Version 0.2 (accepted)

· · Academic Editor

Accept

Dear Prof. Niggli,

Many thanks for your response and clarifications. Many congratulations on your interesting and informative paper: I enjoyed reading it. Have an excellent day!

Version 0.1 (original submission)

· · Academic Editor

Minor Revisions

I agree with the reviewers that this submission is largely clearly written and the experiments justify the conclusions, and that it represents an advance of current knowledge. However, there is a consensus view that a few minor experimental and manuscript points would need to be addressed prior to acceptance for publication, which fall under two main categories.

1. Experimental
Though the data look convincing, I agree with reviewer 2 that the inclusion of another negative control comprising the use of two primary antibodies to proteins that do not interact would increase confidence in the data.
2. Manuscript
I also agree with reviewer 1 that, although the manuscript is largely well-written, it could do with a proof-read to weed out minor mistakes. Examples here include the one highlighted by reviewer 2, I also noticed:
Line 42: remove 'anymore'.
Line 48: replace 'allows detection also of' with 'also allows detection of'.
Line 115: replace 'We now investigated' with 'In the present study, we have investigated' or 'Here, we have investigated'.
I also think some detailed clarification of the image analysis would also be helpful, especially given this is the focus of the paper. For example, in the materials and methods, it says 100 cells per condition were evaluated, but in the text some of the numbers corresponding to total cell number analysed don't tally with this figure (e.g. a total of 261 cells analysed for n=3 in Fig. 4B). Similarly, I think you should indicate if the data are derived from a confocal stack or from a representative optical section (I'm assuming it's the latter, but I'm not sure).

Reviewer 1 ·

Basic reporting

No comments.

Experimental design

No comments.

Validity of the findings

No comments.

Comments for the author

Baumann et al. examine pair-wise proximity of proteins, such as flotillin-1 and 2, phosphorylated ERM, PSGL-1 and PIPKI╬│90, that are important for structuring the uropod during T-cell polarization.

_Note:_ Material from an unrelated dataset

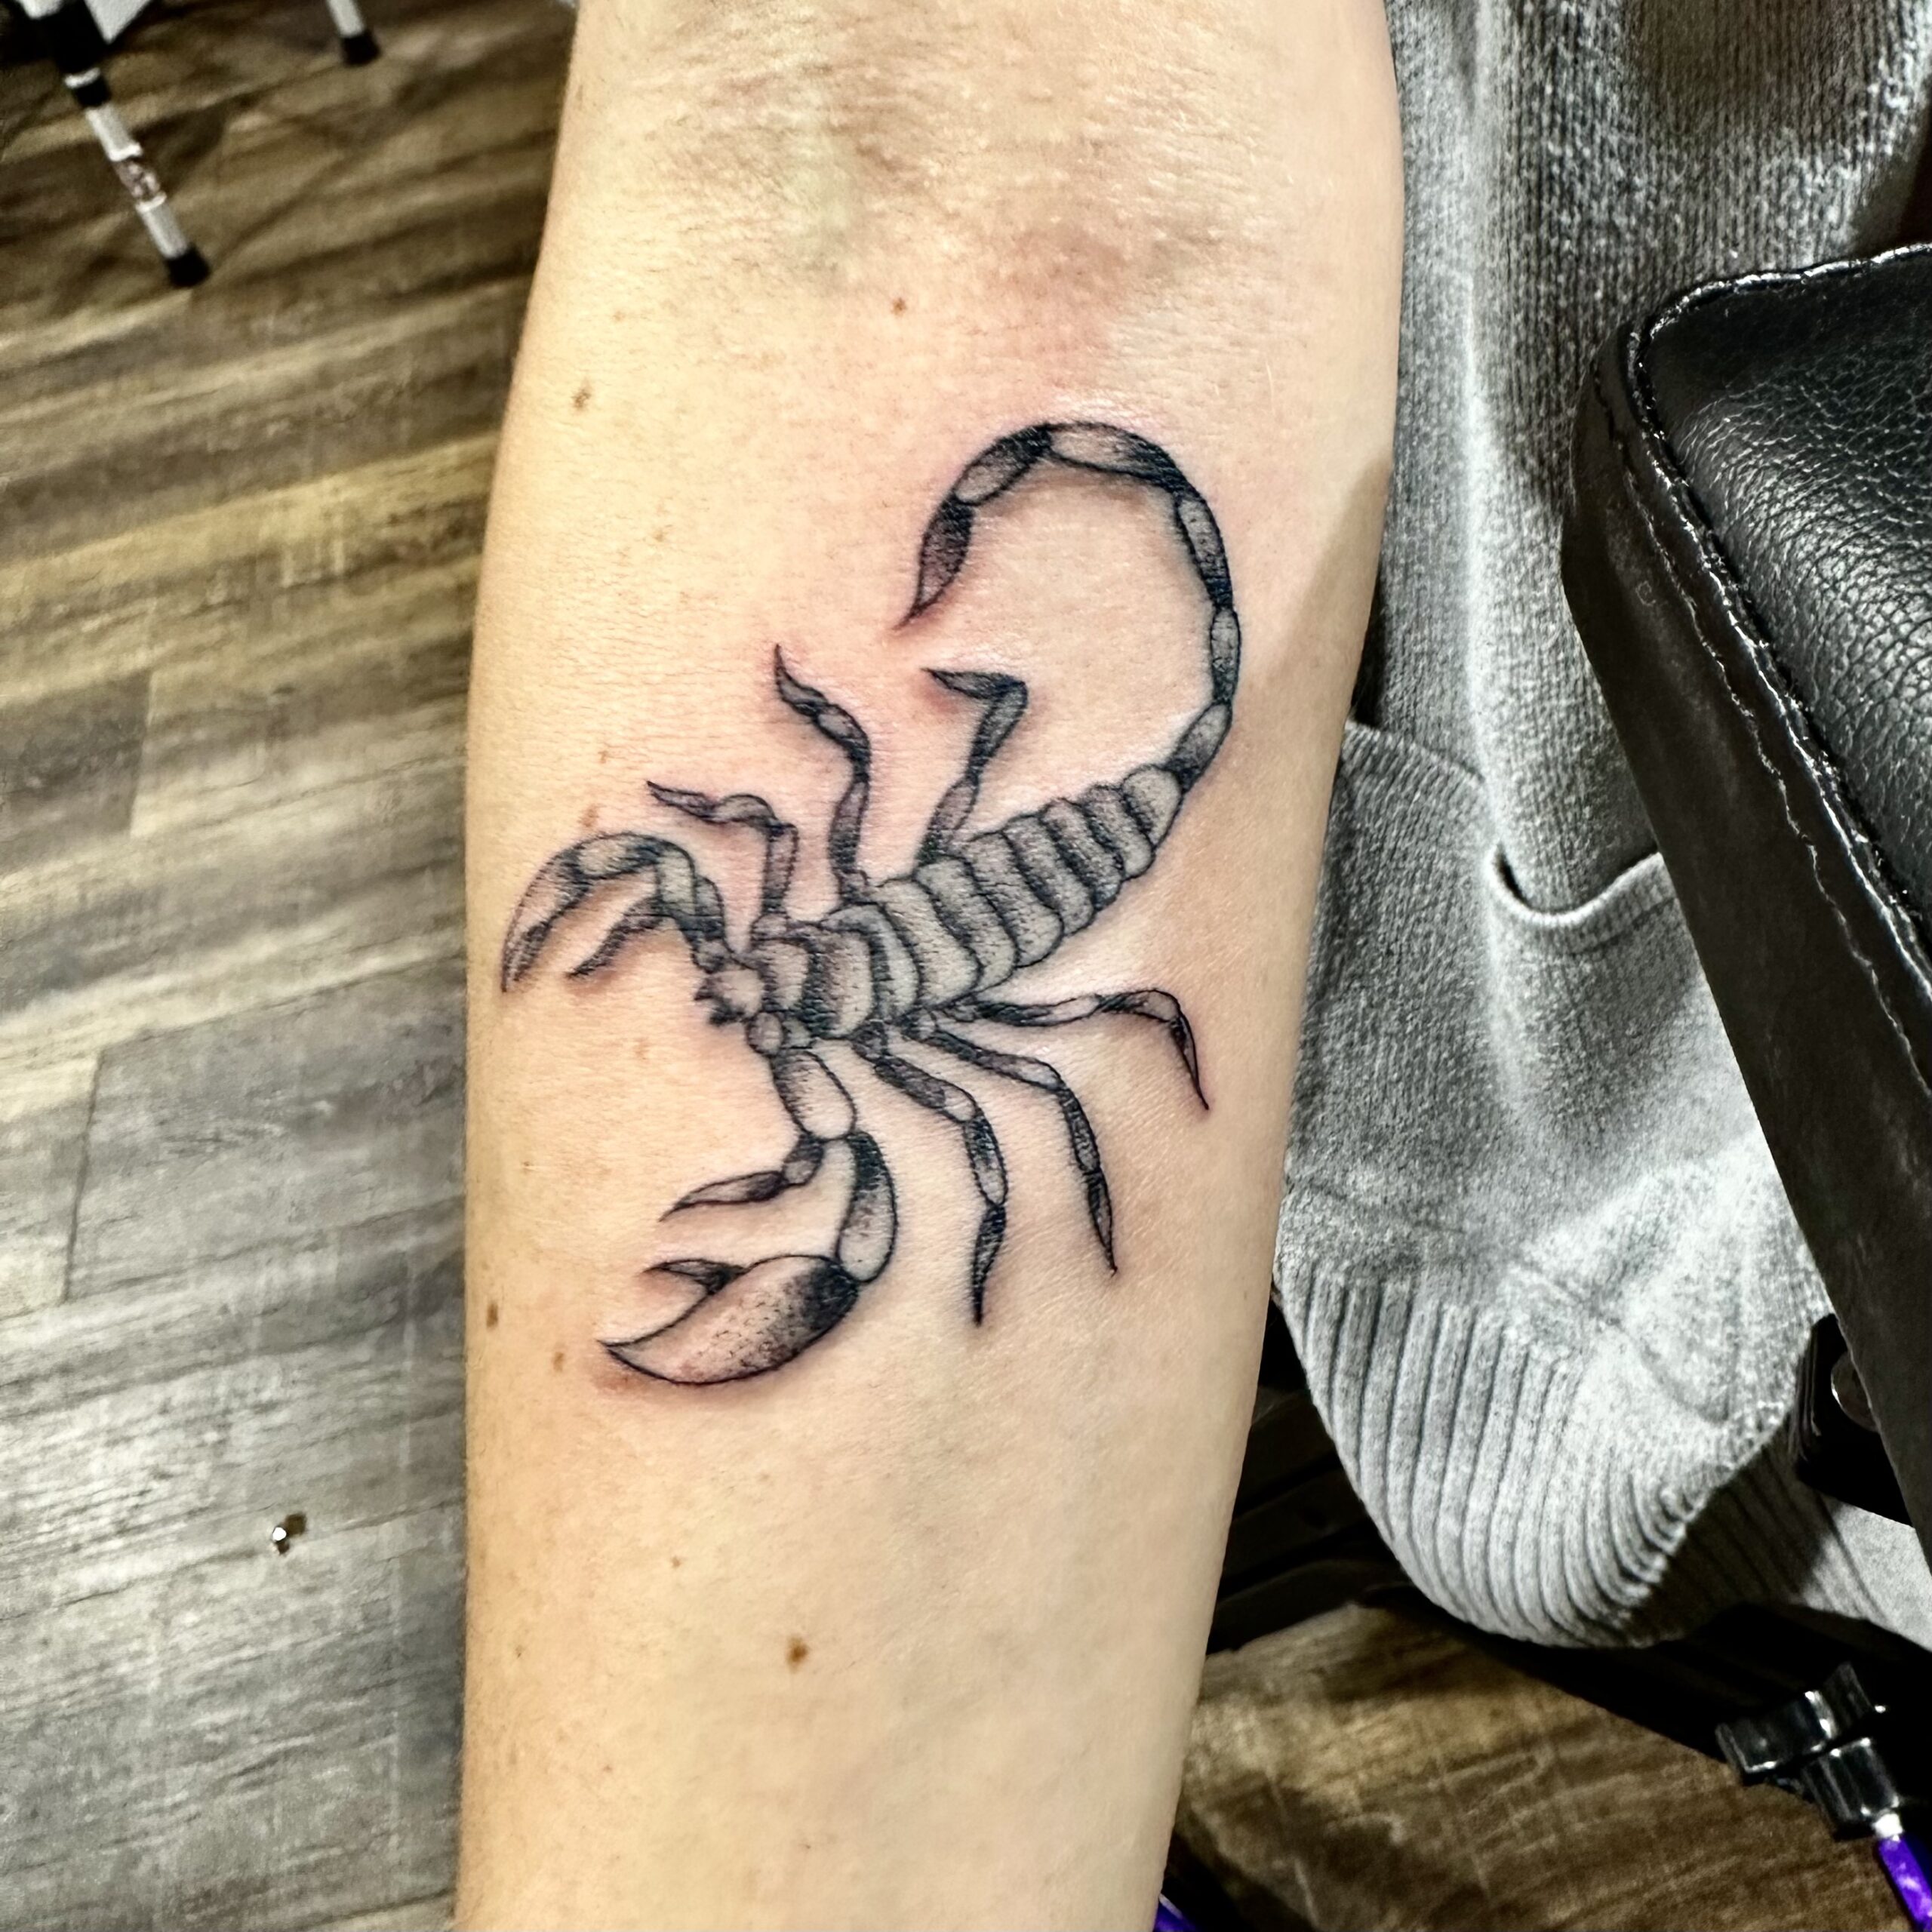 Tattoo of a black scorpion

Previously, FRET and biochemical approaches have suggested associations among these proteins. However, FRET is based on over-expression while biochemical assays lack spatial information and are prone to post-lysis artifacts. The authors use the Proximity Ligation Assay to investigate associations of the endogenous proteins before and after T-cell stimulation. They find that flotillin-1/flotillin-2, flotillin-2/p-ERM, flotillin-2/PSGL-1 and PIPKI╬│90/p-ERM complexes pre-exist in un-stimulated cells and become confined in the uropod upon stimulation. The results nicely confirm and extend previous findings.

The experiments were performed and interpreted well and presented clearly. While studies on the dynamics of these complexes will be needed to reveal the connections between the preformed complexes and the ones confined in the uropod , as it stands the work presented is an important first step. In addition, whether these associations are part of the same complex or separately co-exist represent an important future direction. For the time being, the authors may simply choose to further discuss these points.

Reviewer 2 ·

Basic reporting

The manuscript is generally well presented and easy to follow. I would recommend careful proof-reading since one or two mistakes are still present eg line 152 Fig1C should be 2C.

Experimental design

The use of the proximity ligation assay (PLA) adds information on the co-localisations seen between flotilins, PSGL-1, ERM and PIPKIgamma90 in the uropod of T-cells. The data presented is convincing as far as it goes; the minimum controls are shown for the the PLA assays (leaving out one of the two antibodies) but it's still difficult to really assess what's required for the PLA assay to give a positive signal eg only beta-actin and flotillin2 are shown as an 'irrelevent pair' and they do show significant interaction.

Validity of the findings

The data are robust with the required number of repetitions and statistical analysis.

Comments for the author

Overall, I think this manuscript makes a modest advance over previous work published by this group and others but does not move us on much conceptually in terms of how close associations between proteins in the uropod are created.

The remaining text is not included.